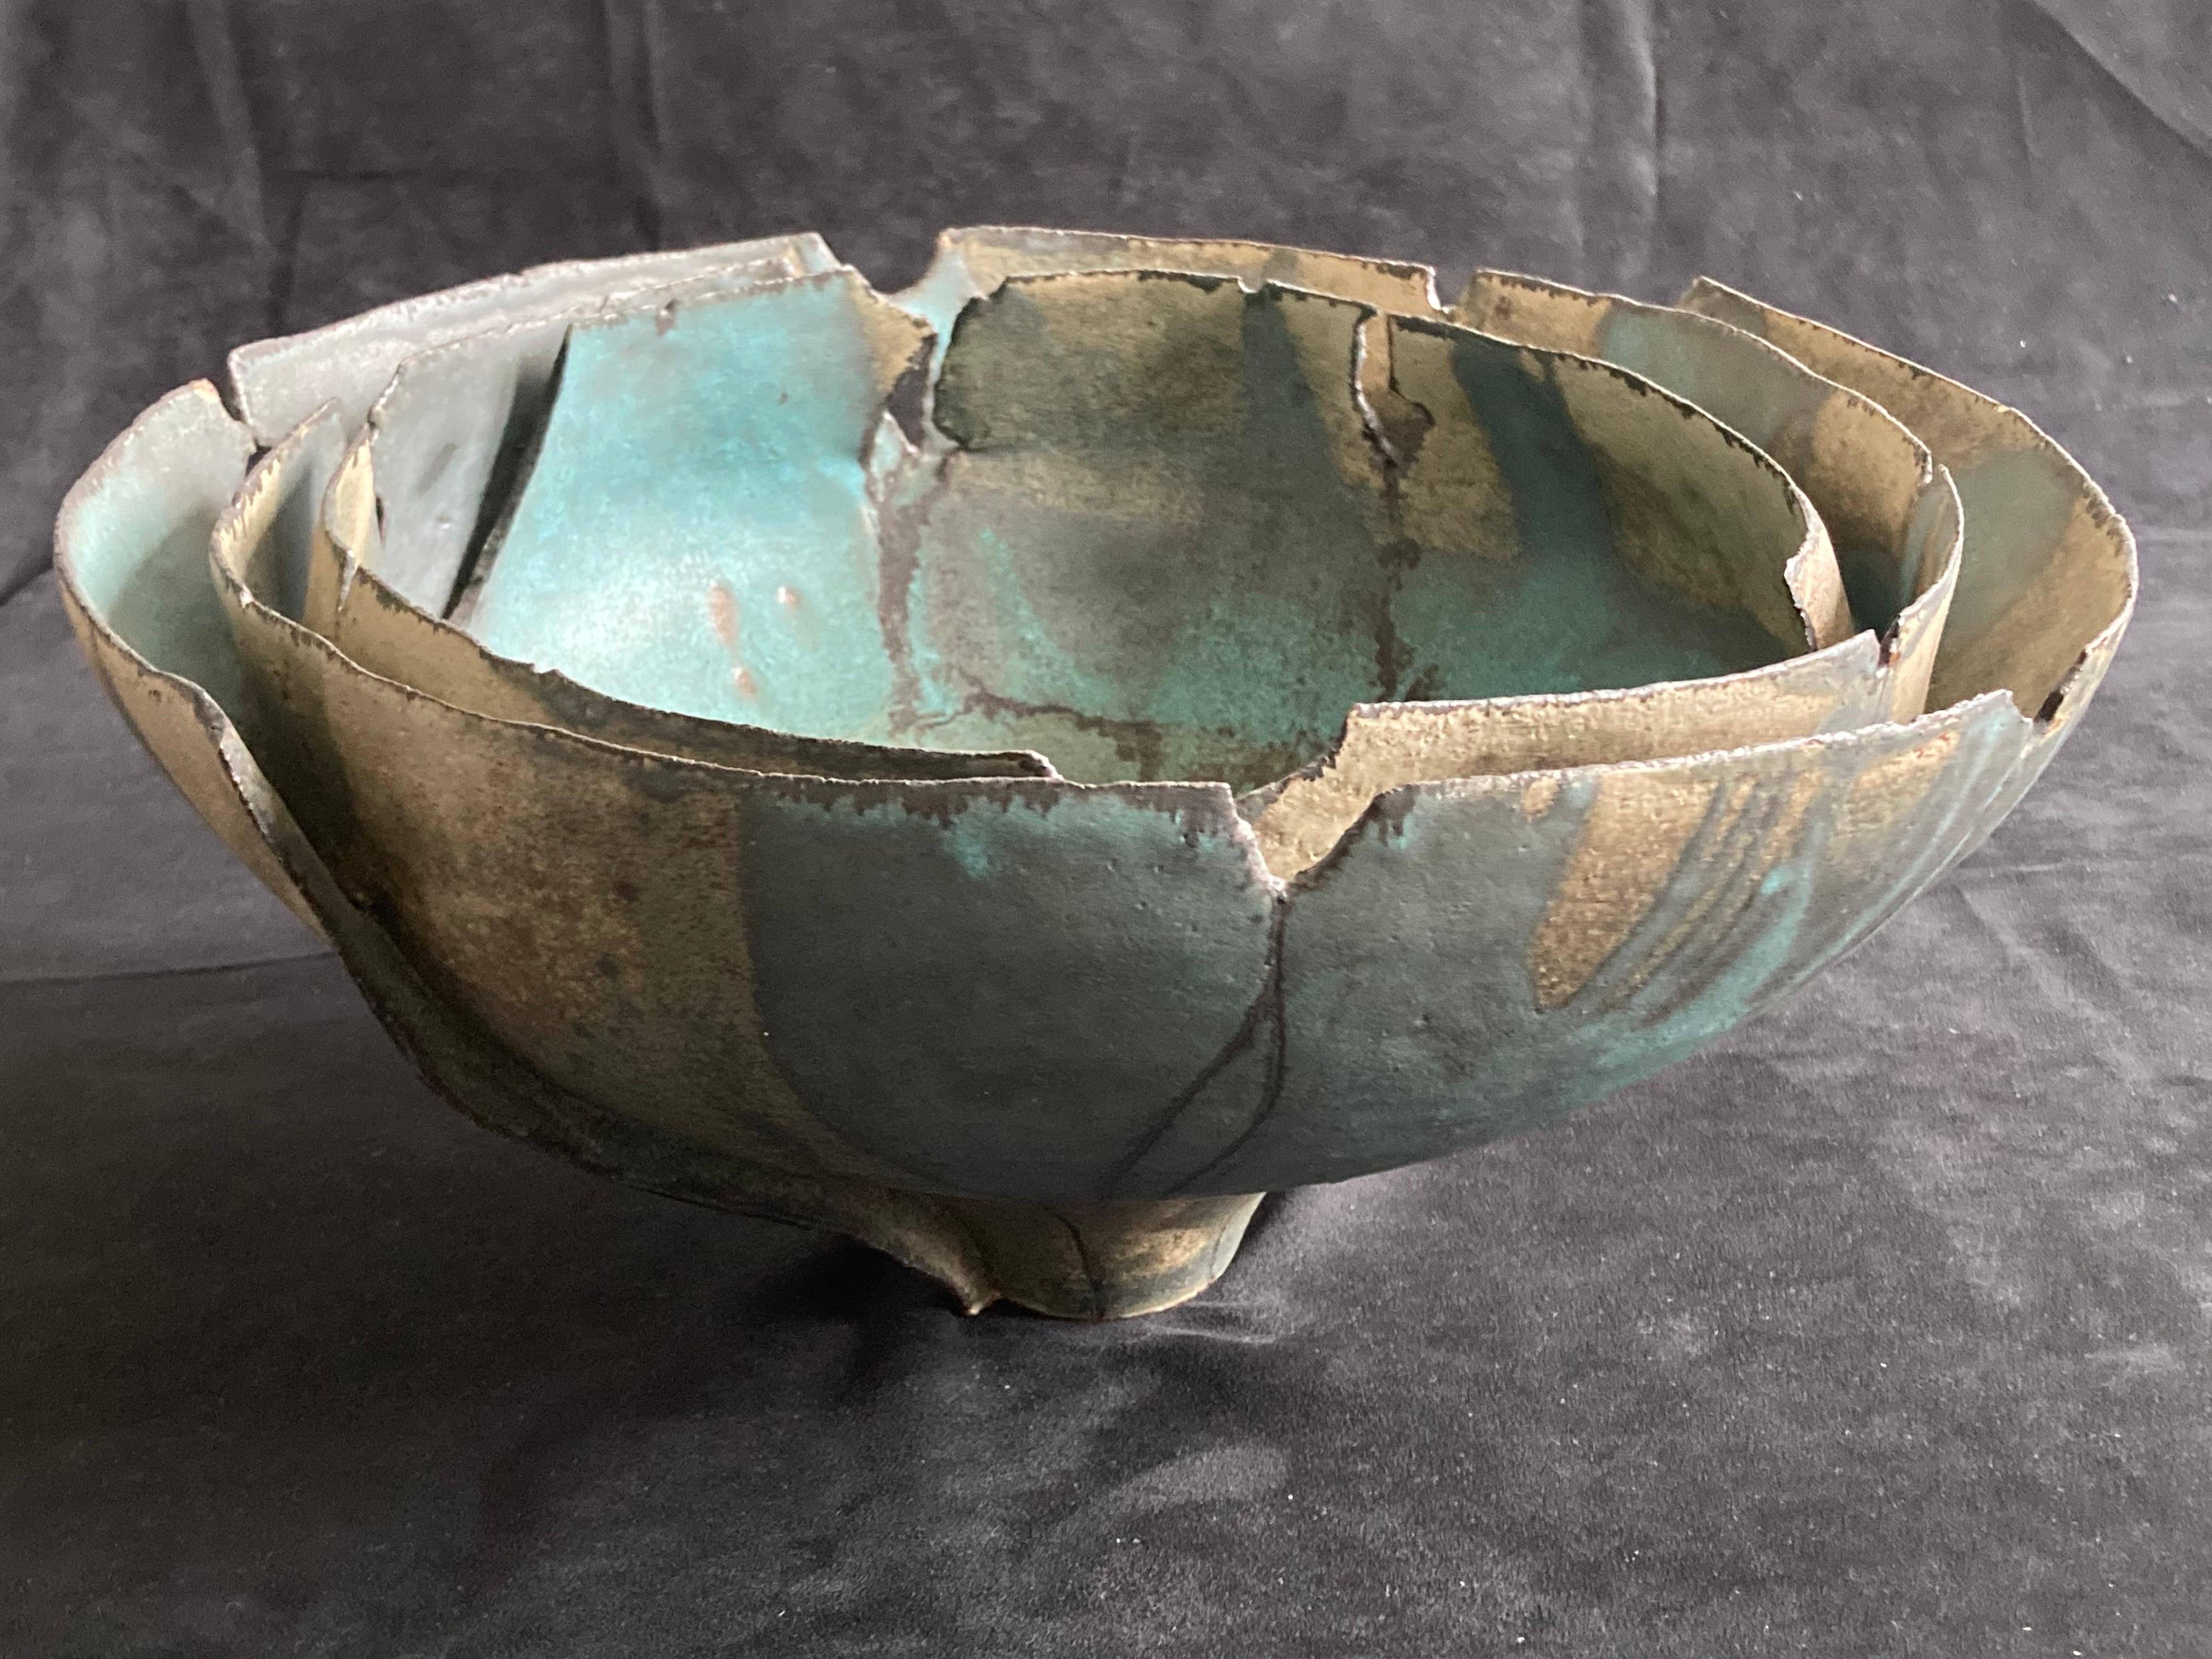 Sheila Fournier (British 1930-2000), large studio pottery bowl.

Hand built multi layered with green and grey running glazes.

Artist studio stamp under.

Sheila Fournier married Robert Charles Privet Fournier in 1961. She
was trained as a

-- What you should do --
Give the records again exactly, minus the pictures.

-- Answer to the exercise --
 Sheila Fournier (British 1930-2000), large studio pottery bowl.

Hand built multi layered with green and grey running glazes.

Artist studio stamp under.

Sheila Fournier married Robert Charles Privet Fournier in 1961. She
was trained as a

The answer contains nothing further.